Blogging As Art

August 2, 2008 | Leave a Comment

Category: Art, Auto-Biography

Using a medium built of associations, I seek to describe a realm of experience characterized by subtle, multi-scale interconnection.  It’s a bit like blowing bubbles that can intimate a cube or playing charades in the dark with only the sounds of my movements available to make a point.  The words “evolution, society, ontogeny and personal biography” are accompanied by associations that suggest different things.  Communicating my experience of their being four aspects or facets of the same thing is my challenge.  To do so while embracing the confines of the medium of blogging makes this an attempt at art.

Ten years ago, when a lot of these ideas came together, I posted the website serpentfd.org and sought academic support for a hypothesis that included a proto-dance based, neoteny-influenced, runaway sexual-selection driven theory of human evolution revealing the origins of autism and other conditions characterized by maturational delay.  The theory was grounded equally in anthropology, neuropsychology and evolutionary biology.  Perhaps twenty academics from around the world responded to the website, my letters or emailed inquiries.  After their initial interest, the multi-disciplinary character of the work made it difficult for them to support it in their own discipline.  None of the professors that emailed me had contacts or experience outside their discipline in the other two disciplines that the theory explored, making it difficult for them to intuit the theories’ validity in other areas.  It didn’t help that I had no institutional support for my research, no advanced degree, and was, at that time, a salesman by profession.

It took almost two years to stop obsessing that I was not being understood.  I felt isolated, angry, hurt and ashamed that I could not get across what I had to say.  Then 9/11, the war started and my attentions turned to social change.

About a year ago, I got a call from a professor funded to put together an online science encyclopedia.  He wanted to pay me to write articles on evolution.  I asked him if he’d read my work, it not exactly being an orthodox theory that he’d want represented in a conventional overview.  He responded that he was not looking to have my theory represented in the articles, but that my evident ability to communicate the complicated nature of the principles I was exploring suggested to him I would not have trouble providing an overview of the discipline of evolutionary biology today.  The gentleman went on to say he’d already hired and fired two academics.  Both of their writing was professorially obtuse, failing to take into consideration a nonacademic reader, so he resolved to find a writer that could communicate.

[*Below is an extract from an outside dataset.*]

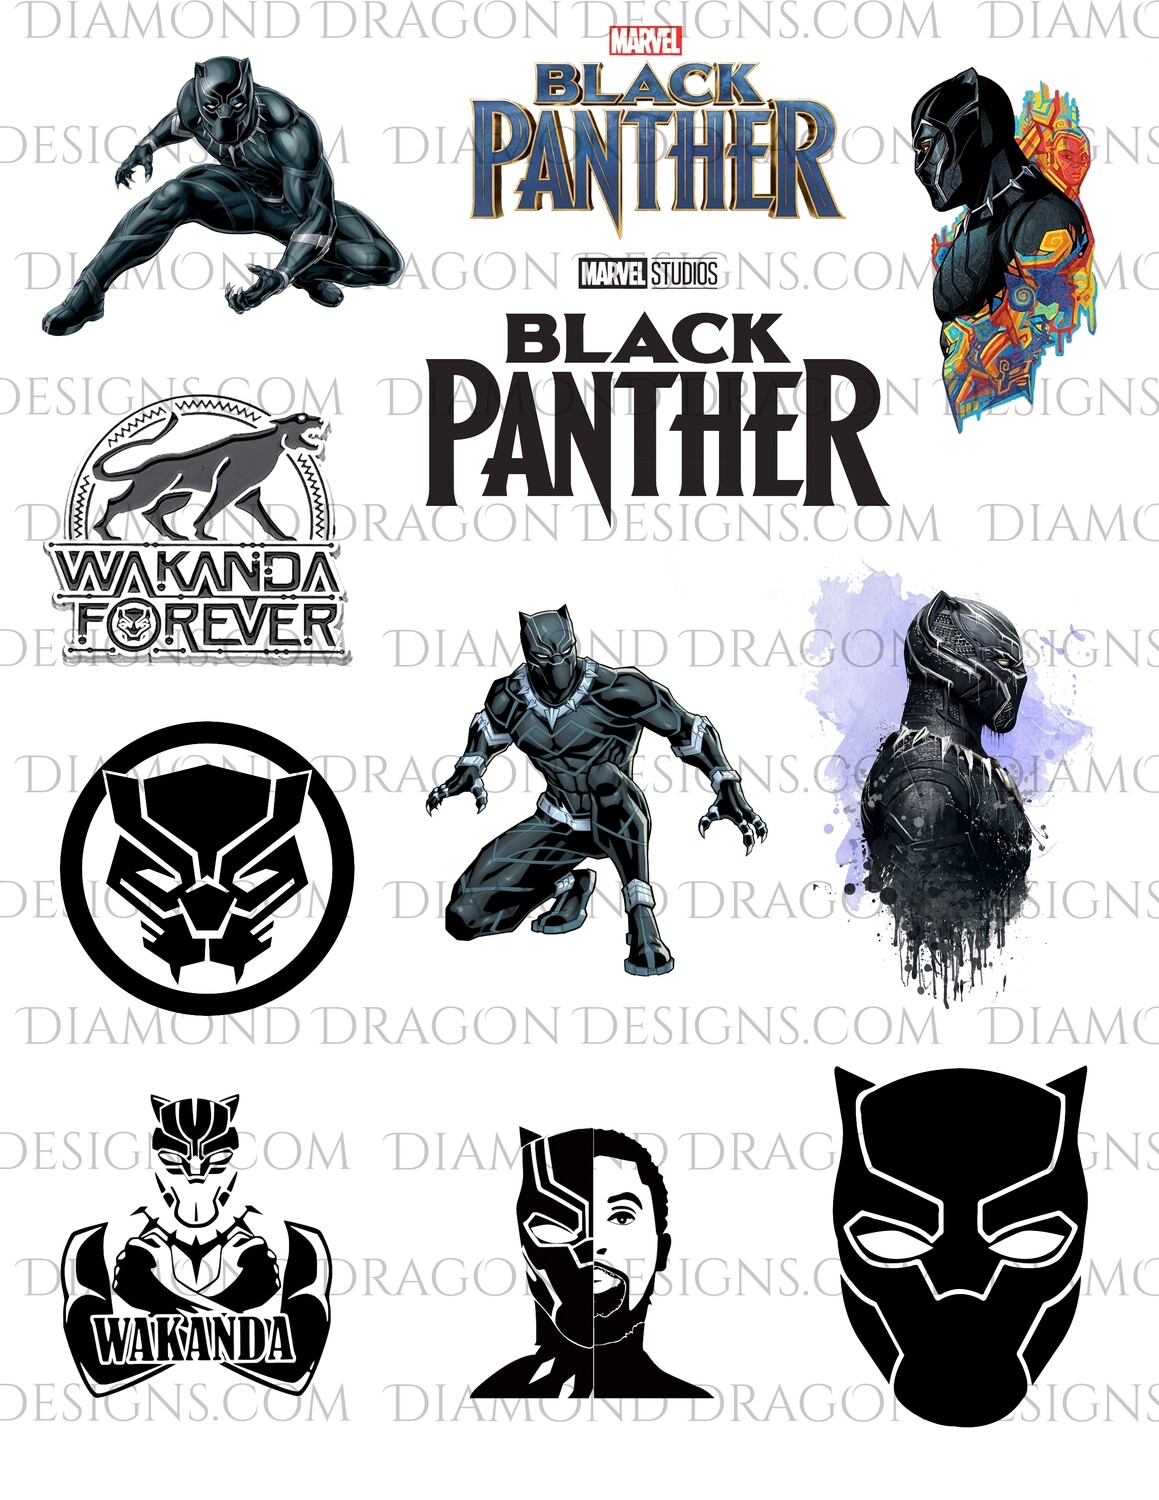 Movies - Black Panther Movie Inspired, Chadwick Boseman, Collage, Full Page, 1 Digital Image
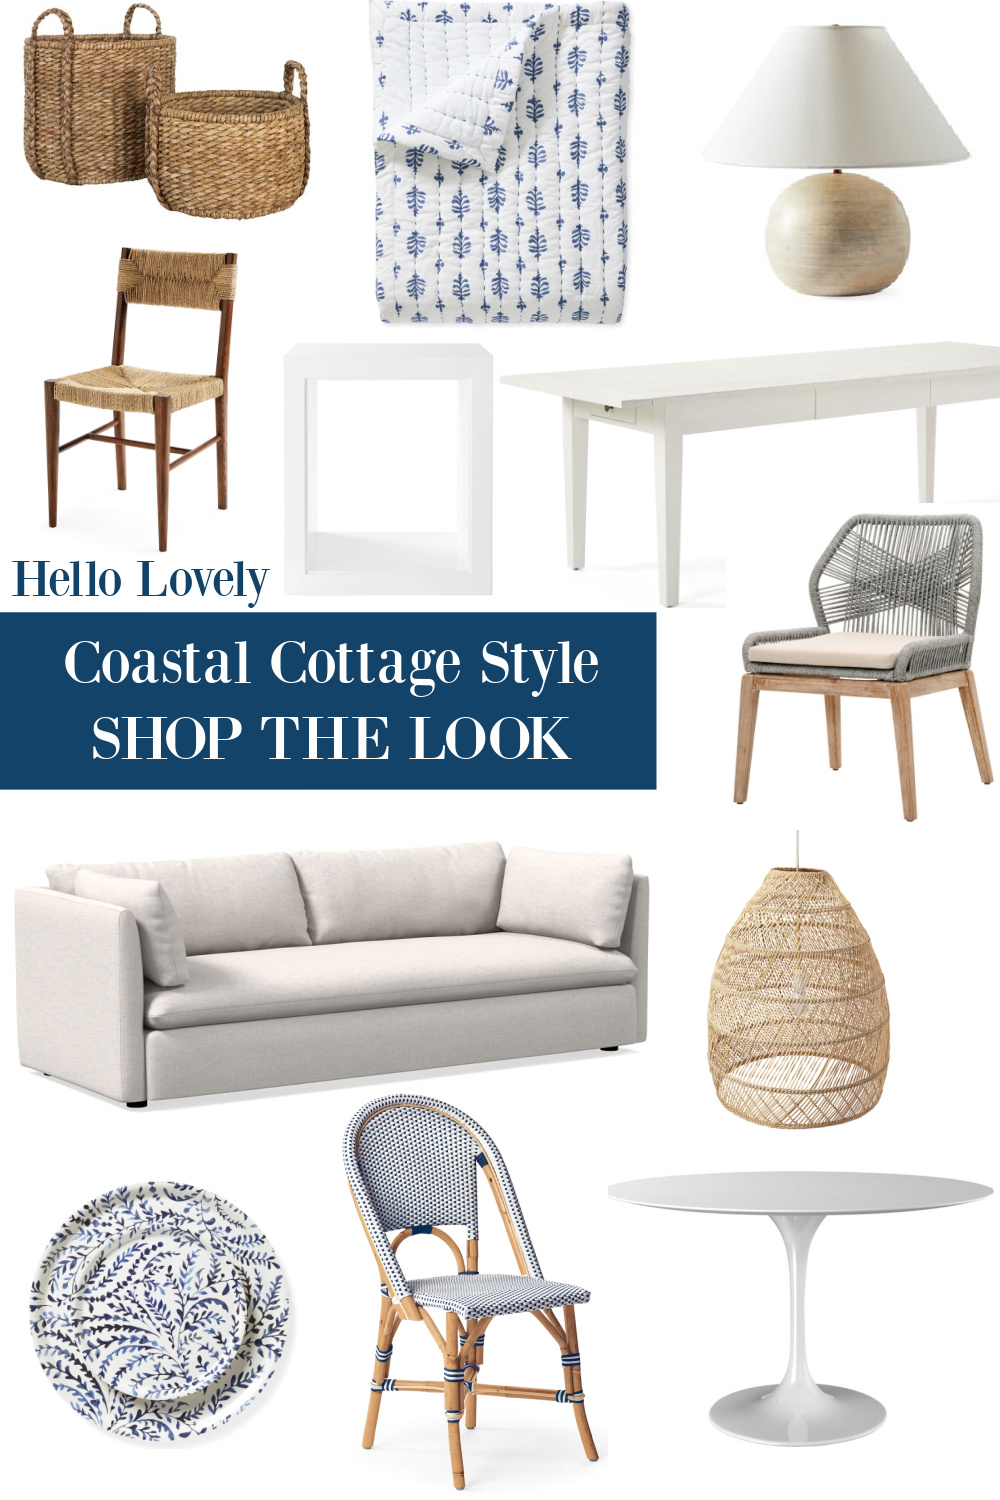 Hello Lovely Coastal Cottage Style Shop the Look - come see inspiration and resources for this classic interior design style!

I was astonished.  No one had ever accused me of being a good communicator.  As a comic strip and panel artist, I’d been described as creative.  Though I refused the job as article writer for the encyclopedia, I was very pleasantly surprised by the offer.  I felt complimented.

Which does not often happen.  I have a hard time feeling complimented.  I am deeply suspicious of my ability to communicate through words.  I did not speak until I was three.  I was in speech therapy until college.  I was a horrible speller with unorthodox grammar.  I experience a deep-seated belief that I will not be understood while having created goals in my life that require my trying to communicate difficult-to-understand concepts.  I deeply desire to feel connection and choose as my medium a discipline where I feel inept, communicating principles that are subtle, characterized by unconventional concepts of interconnection.

Which makes this art.  I don’t seek to make science anymore.  I am not qualified to be a scientist.

I am qualified to be who I am, blowing bubbles to suggest the nature of a cube.